**What you need to do:** Among the lines of the listing below, retype exactly those from the one containing "Cần bán xe tải Dongfeng 8t thùng kín dài 9m5" through the one containing "Rogue | animota", both included. Do not include pictures.

**Records to use:**
___
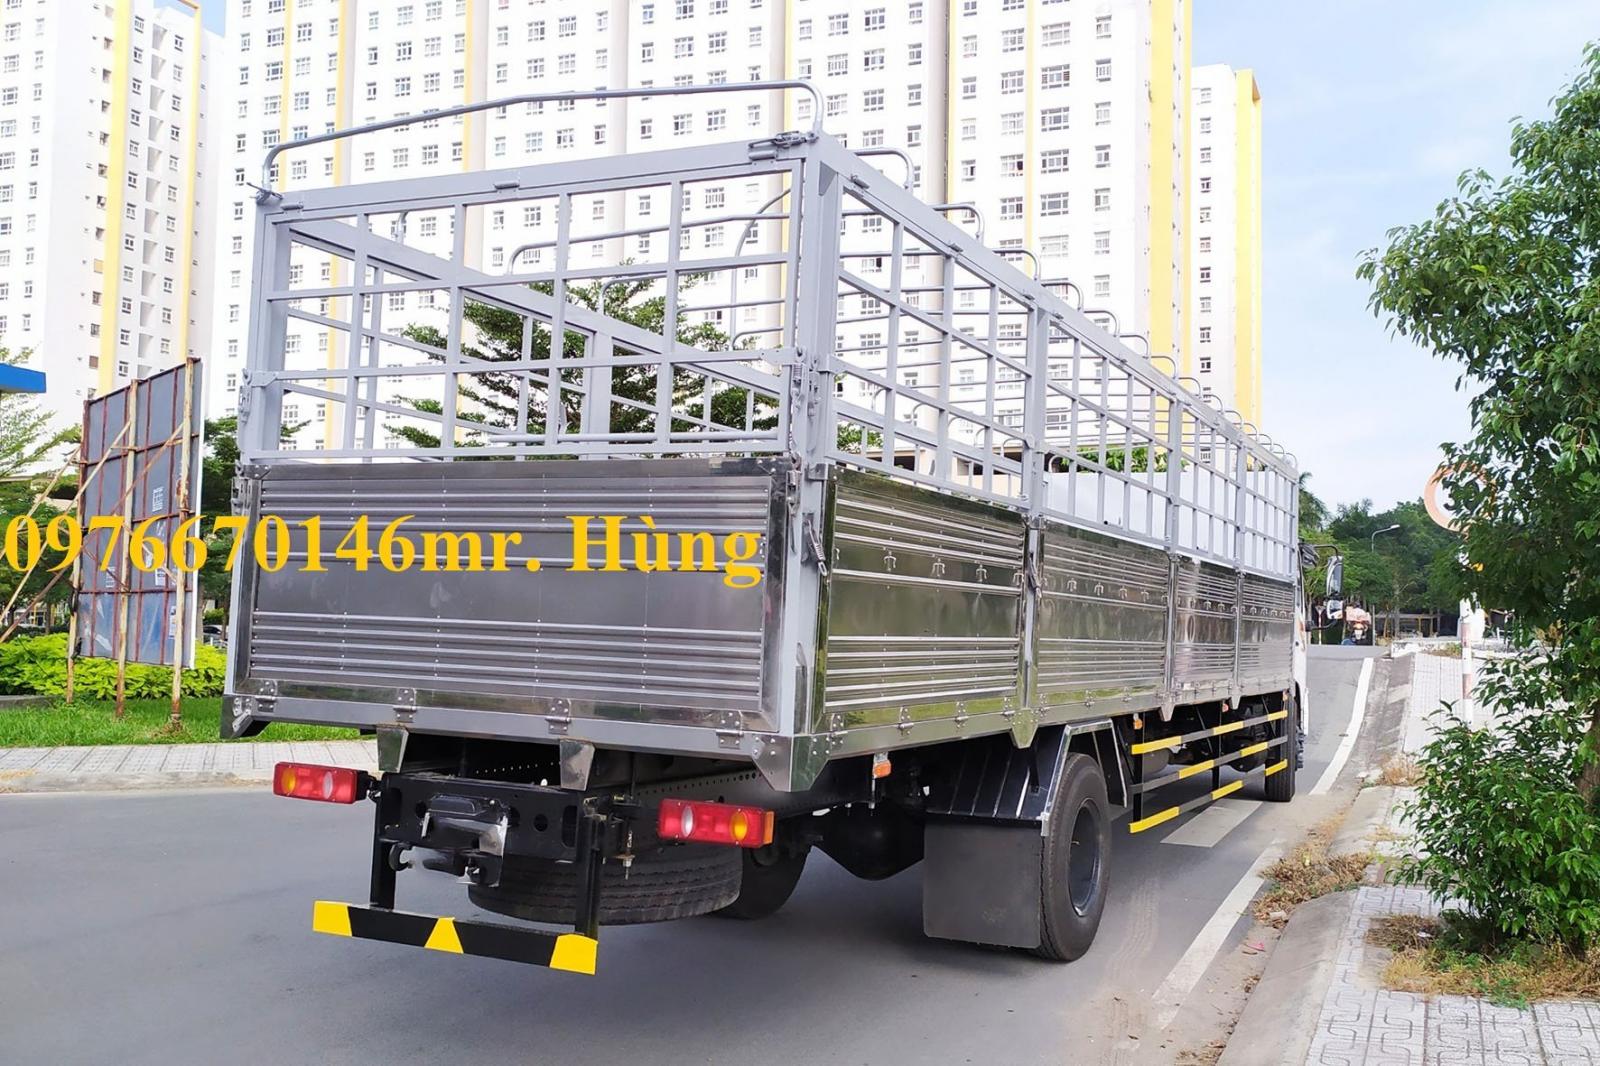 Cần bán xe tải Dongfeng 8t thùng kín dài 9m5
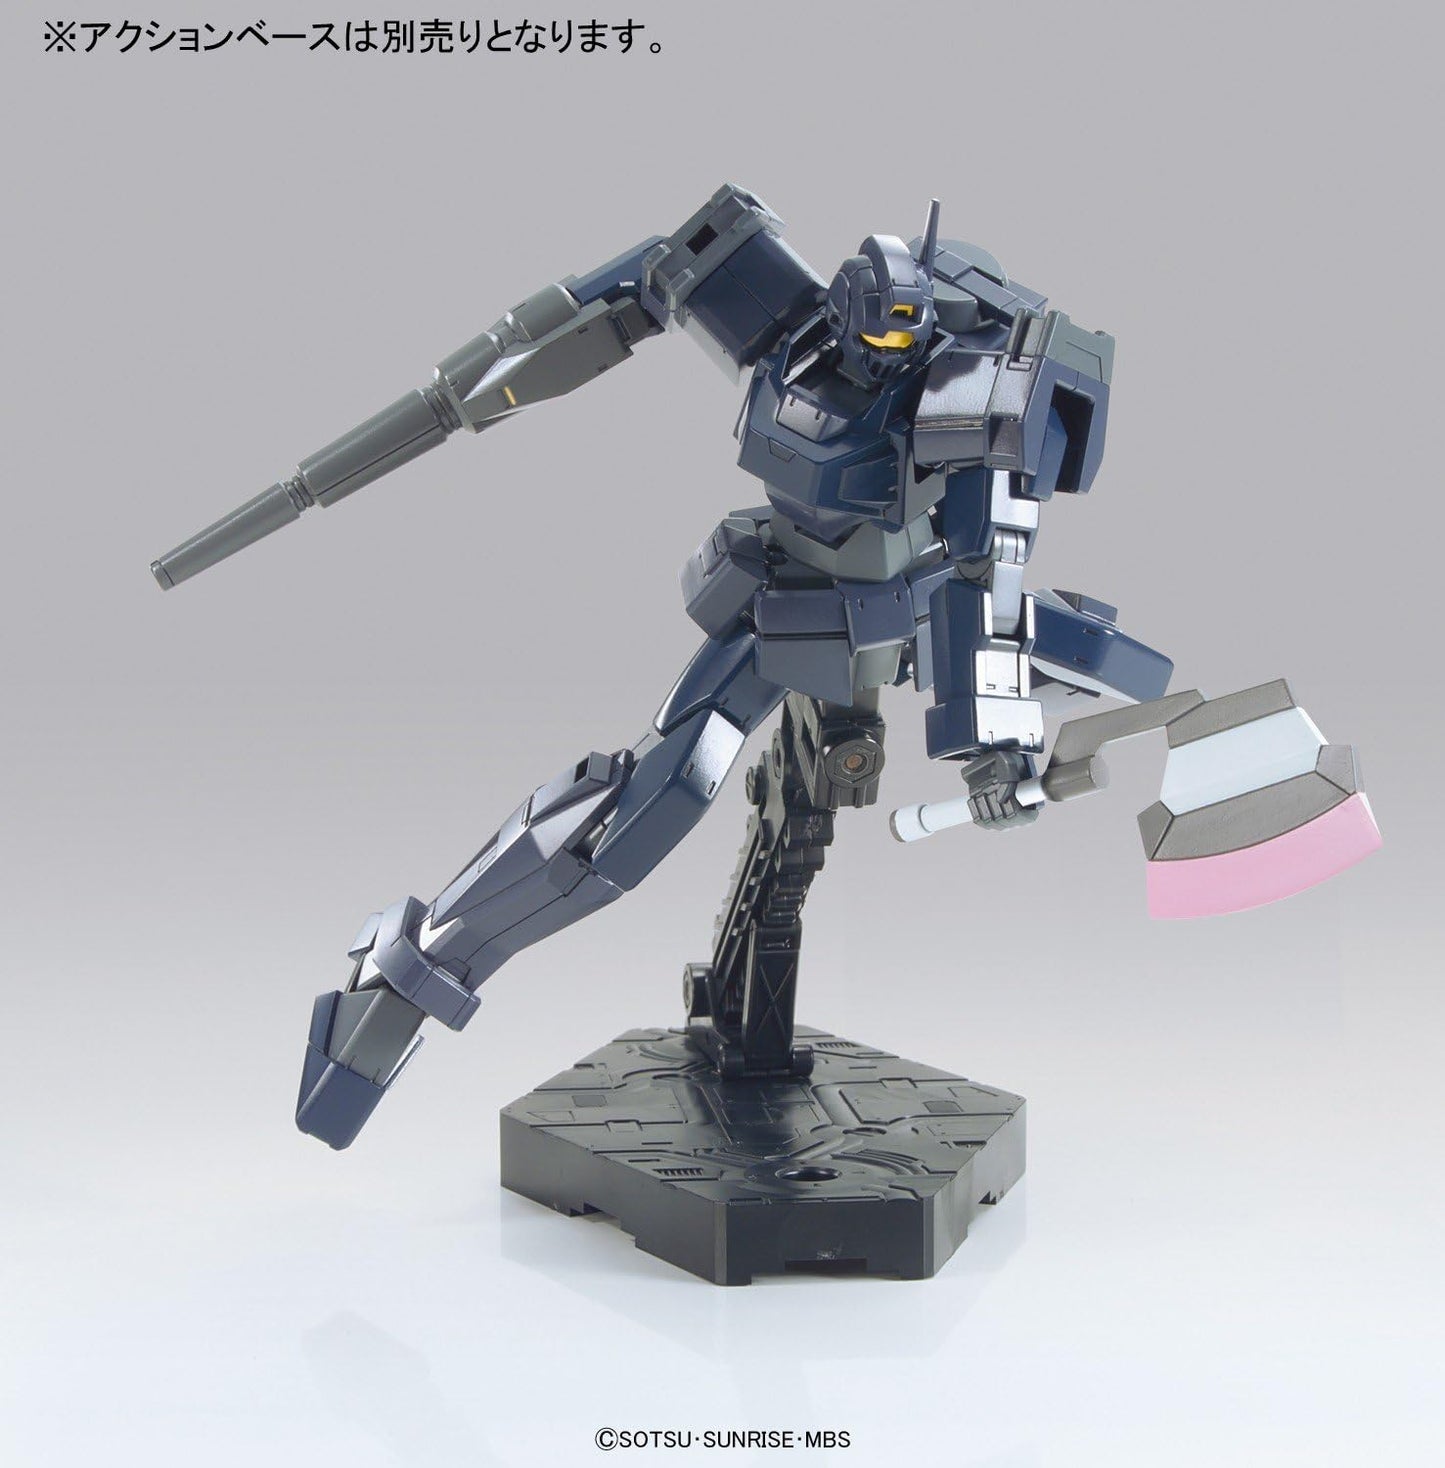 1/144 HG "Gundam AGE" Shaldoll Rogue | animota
___
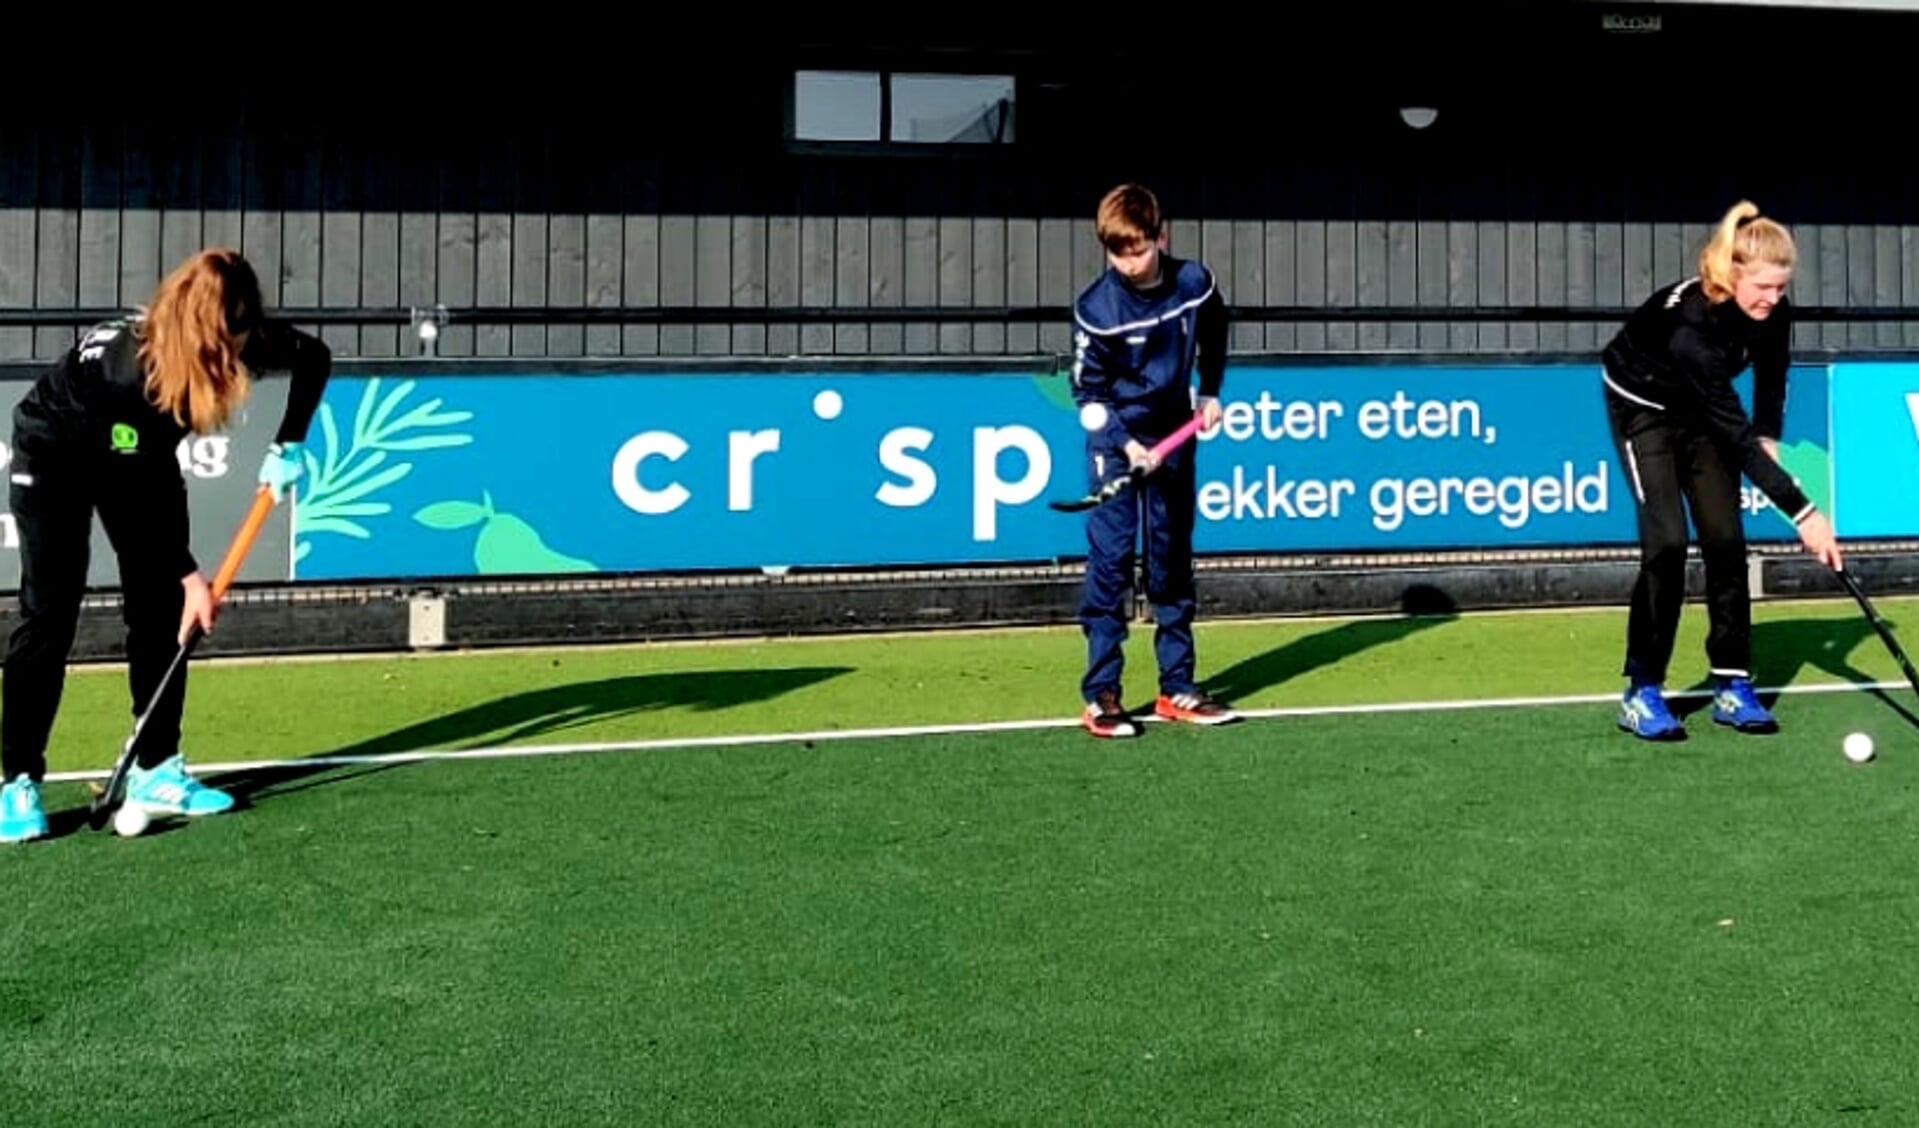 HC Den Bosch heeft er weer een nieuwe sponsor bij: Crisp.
___
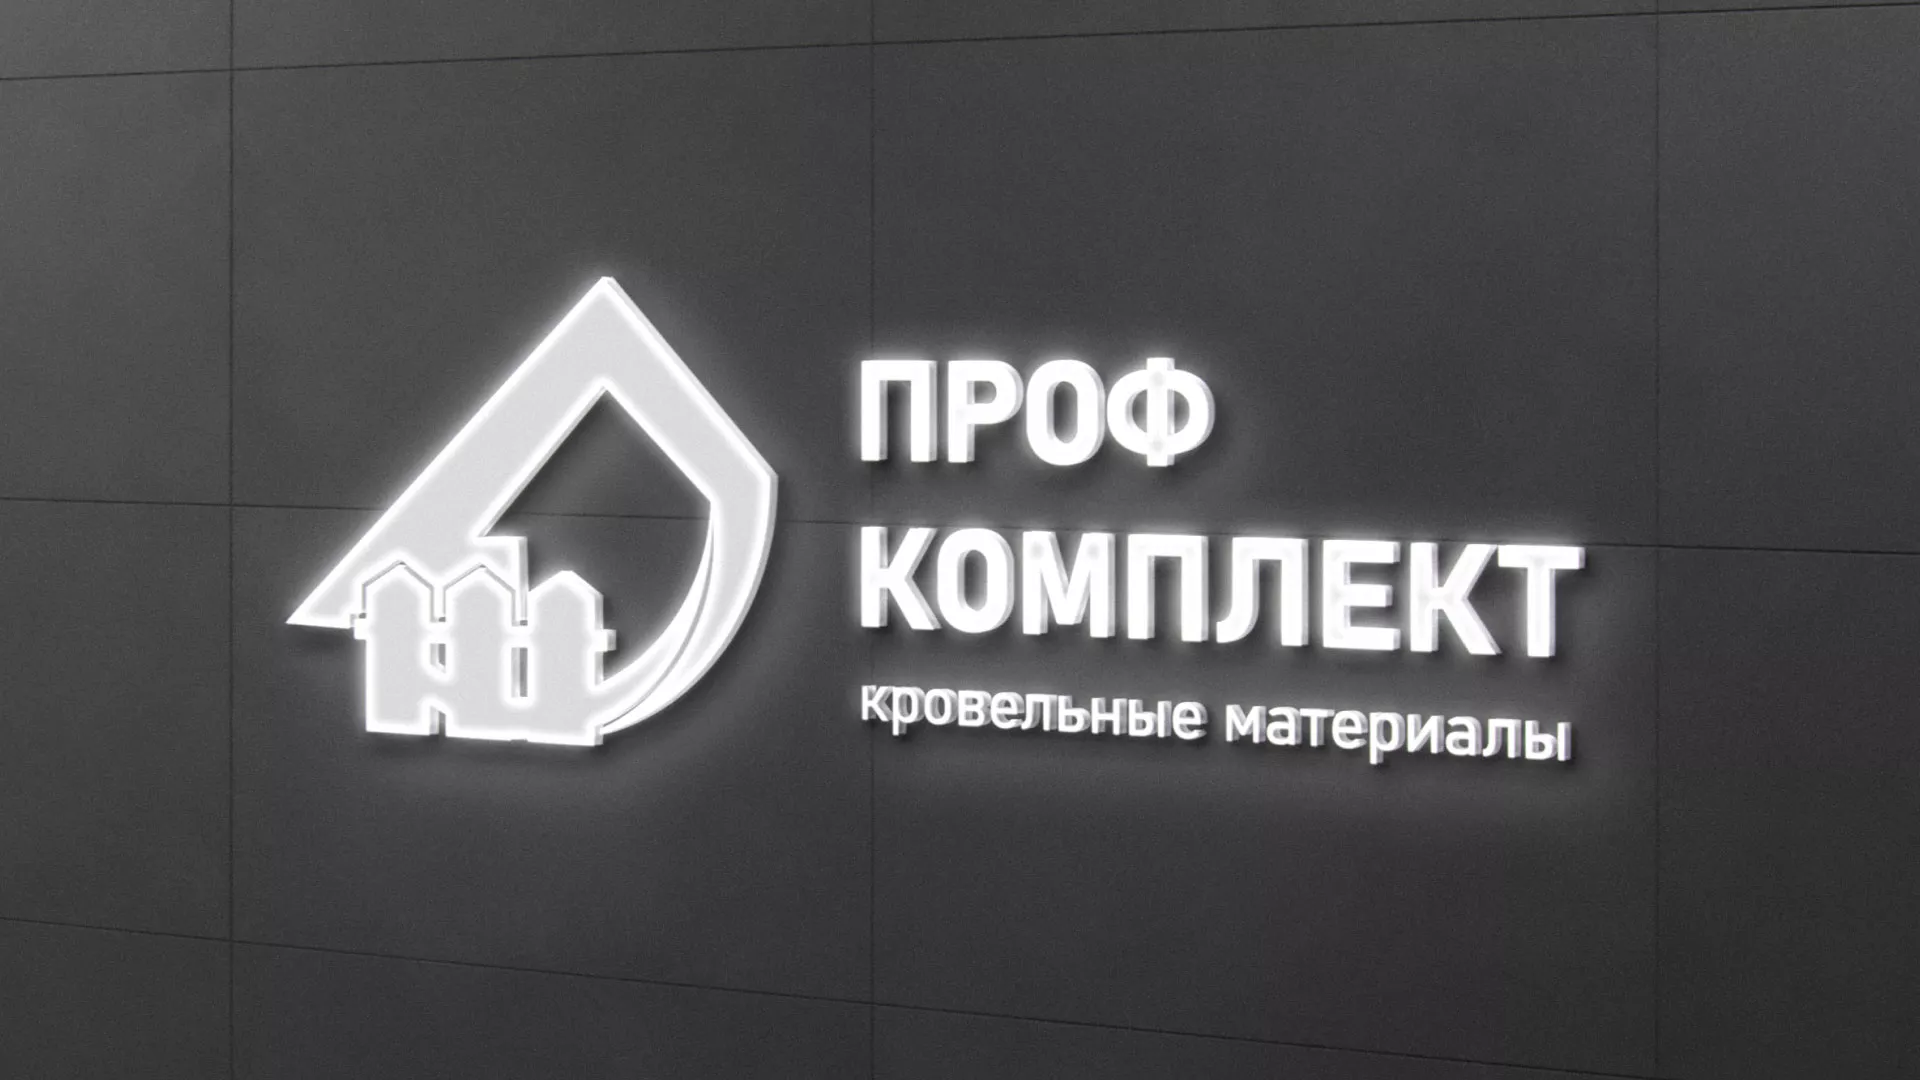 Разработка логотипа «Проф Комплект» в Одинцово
___
**Response below:**
 Cần bán xe tải Dongfeng 8t thùng kín dài 9m5
 1/144 HG "Gundam AGE" Shaldoll Rogue | animota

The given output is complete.